START Data extract
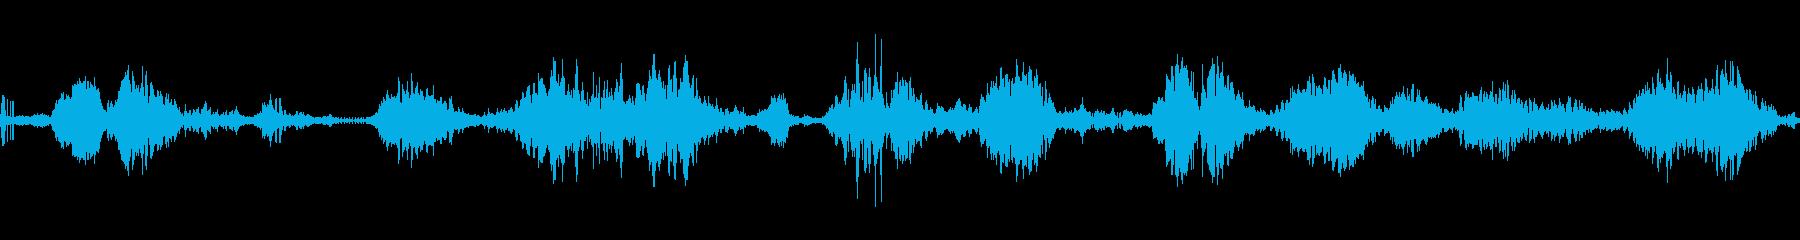 機械マニピュレーター散発的アクショ...の再生済みの波形
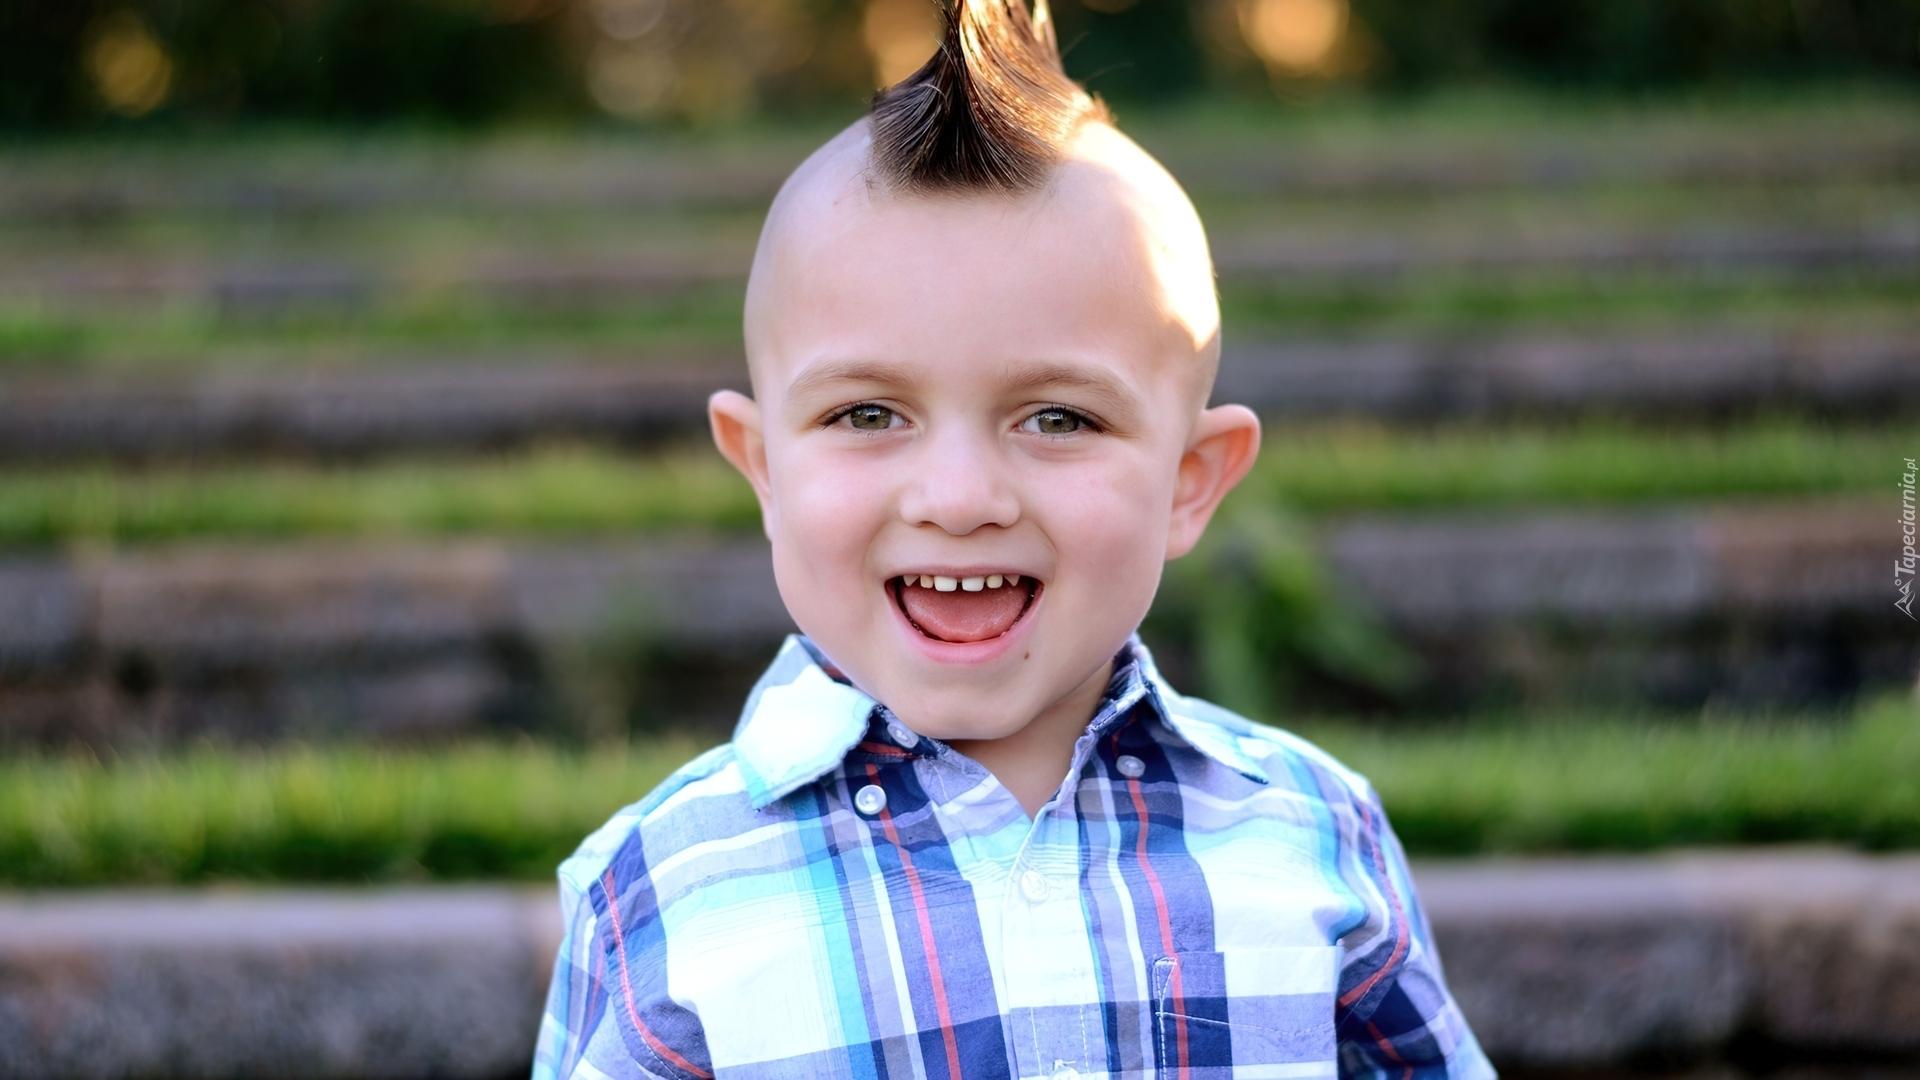 Chłopiec Uśmiech Fryzura
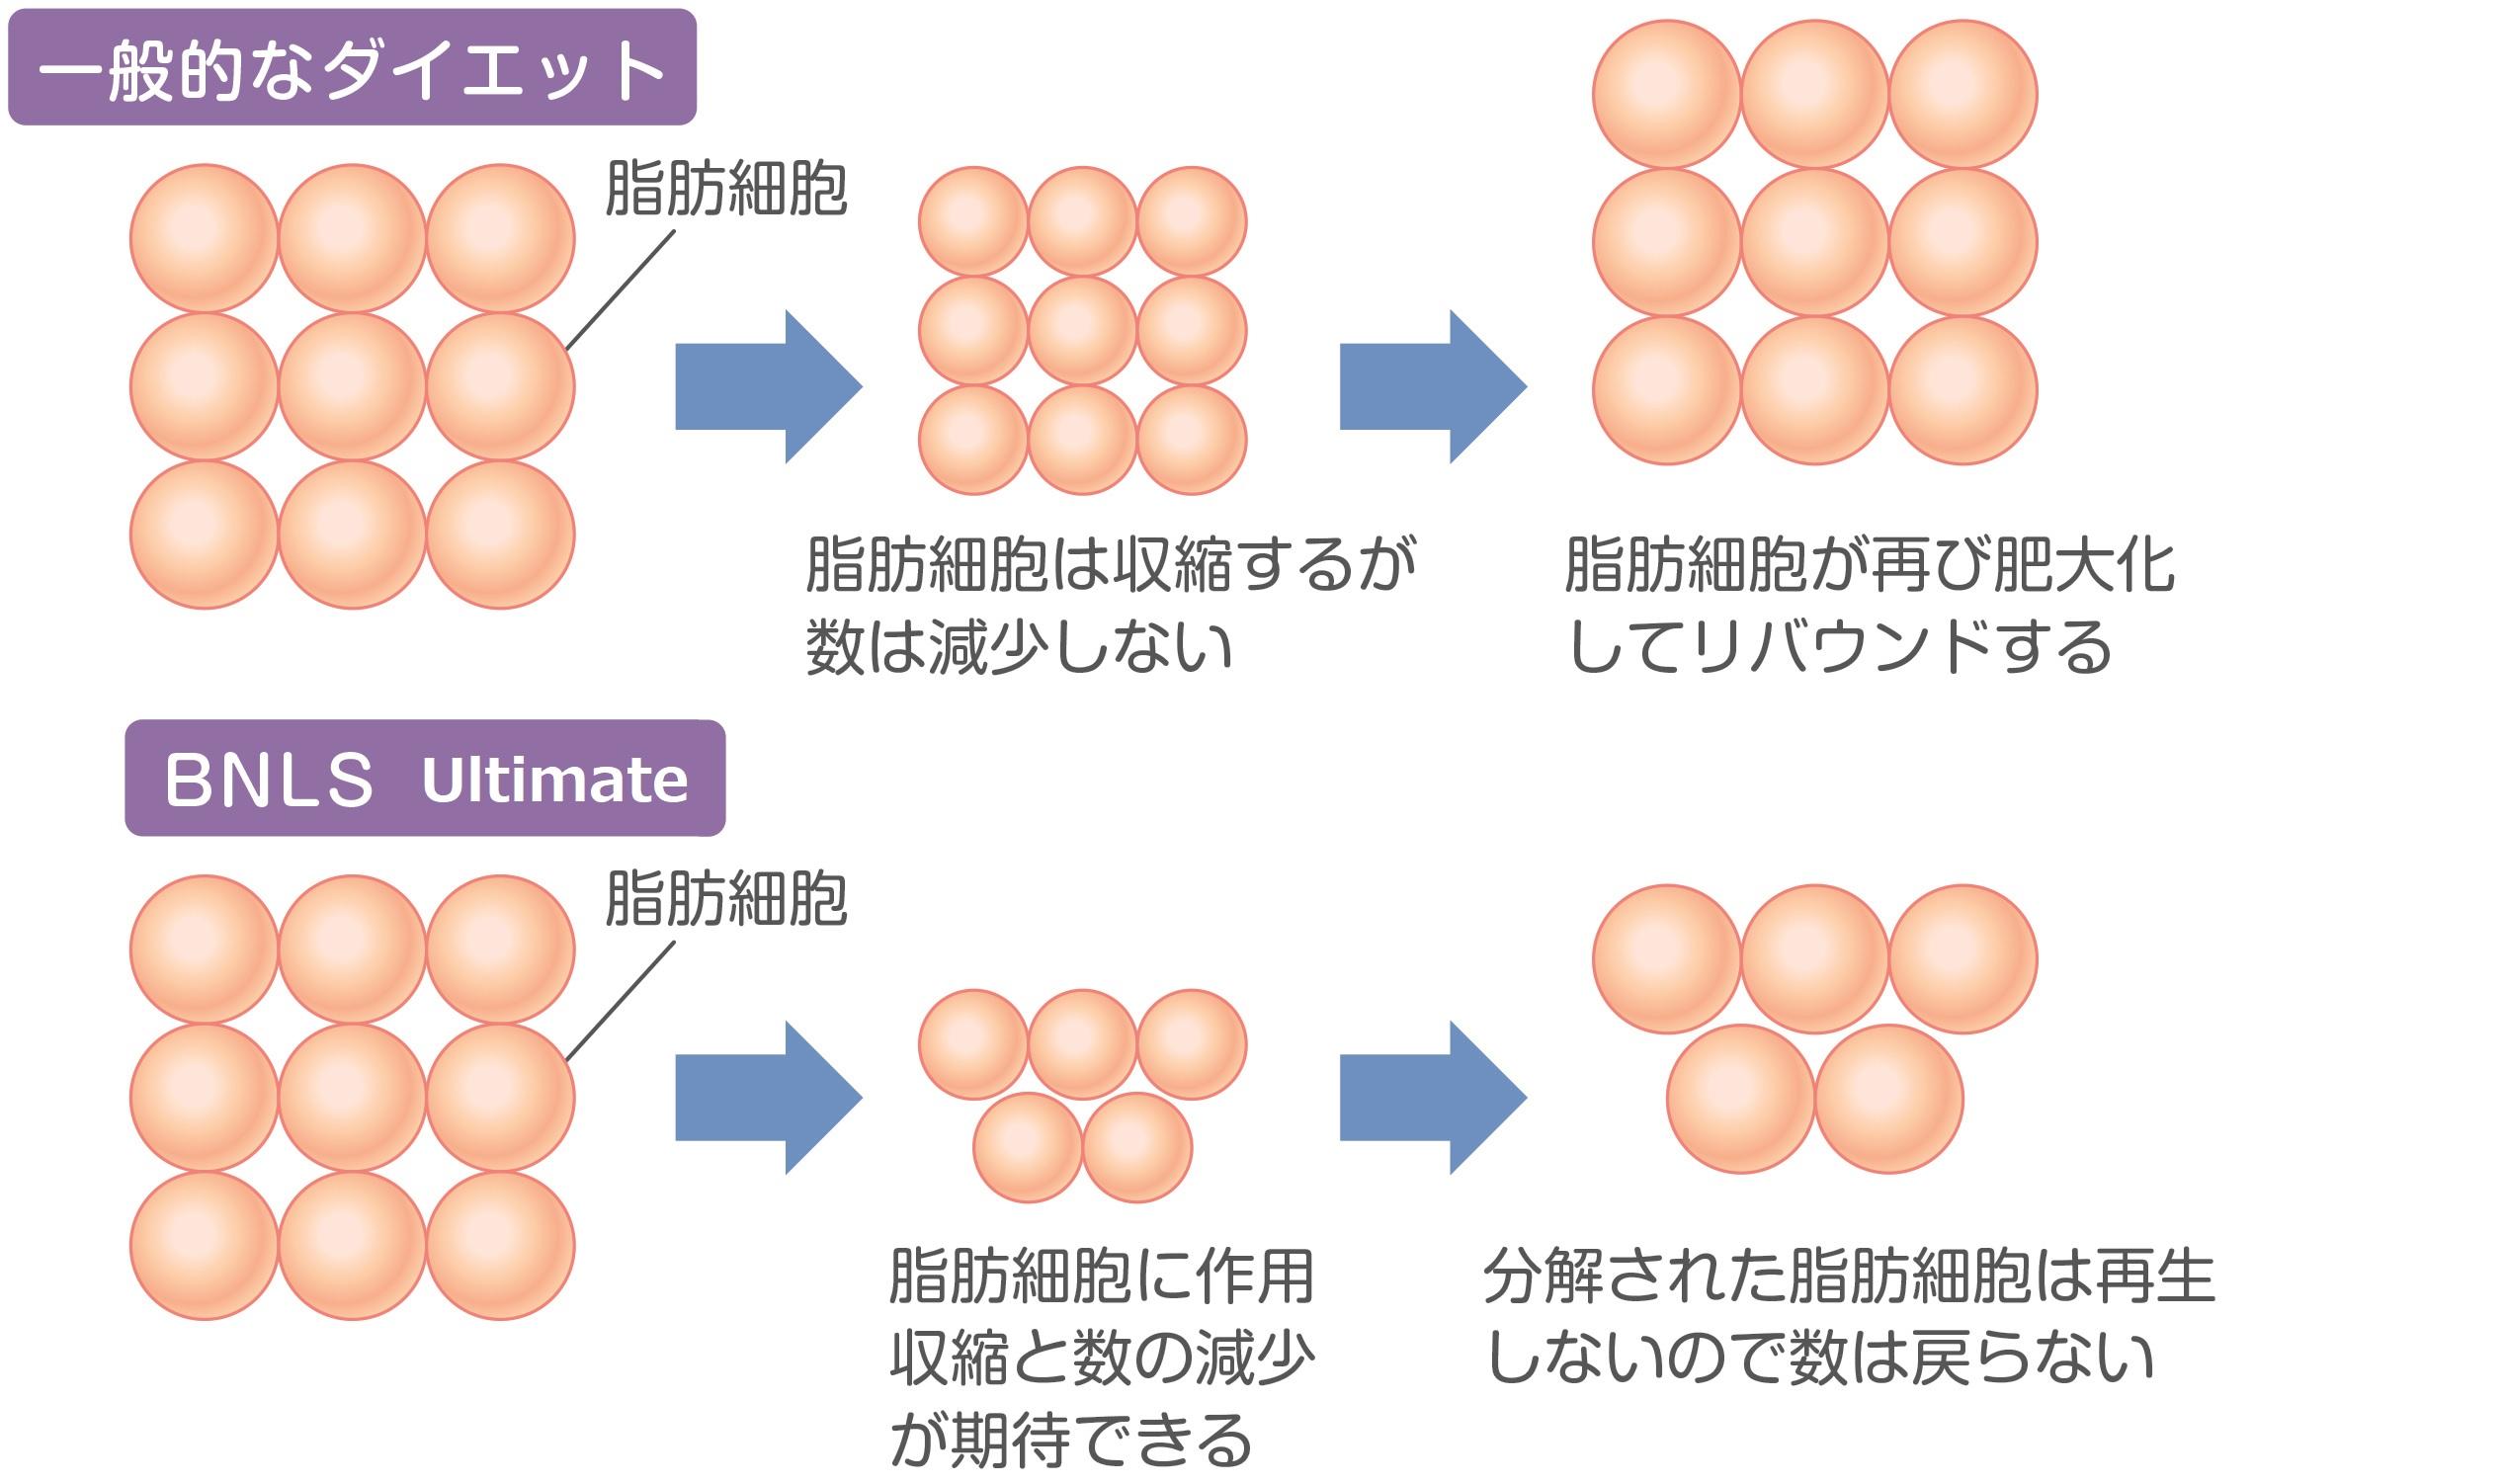 分解された脂肪細胞は再生しない
END Data extract
→ How to complete this task:
This task calls for the listing to be restated exactly, with images omitted.

→ Problem solution:
 機械マニピュレーター散発的アクショ...の再生済みの波形
 Chłopiec Uśmiech Fryzura
 分解された脂肪細胞は再生しない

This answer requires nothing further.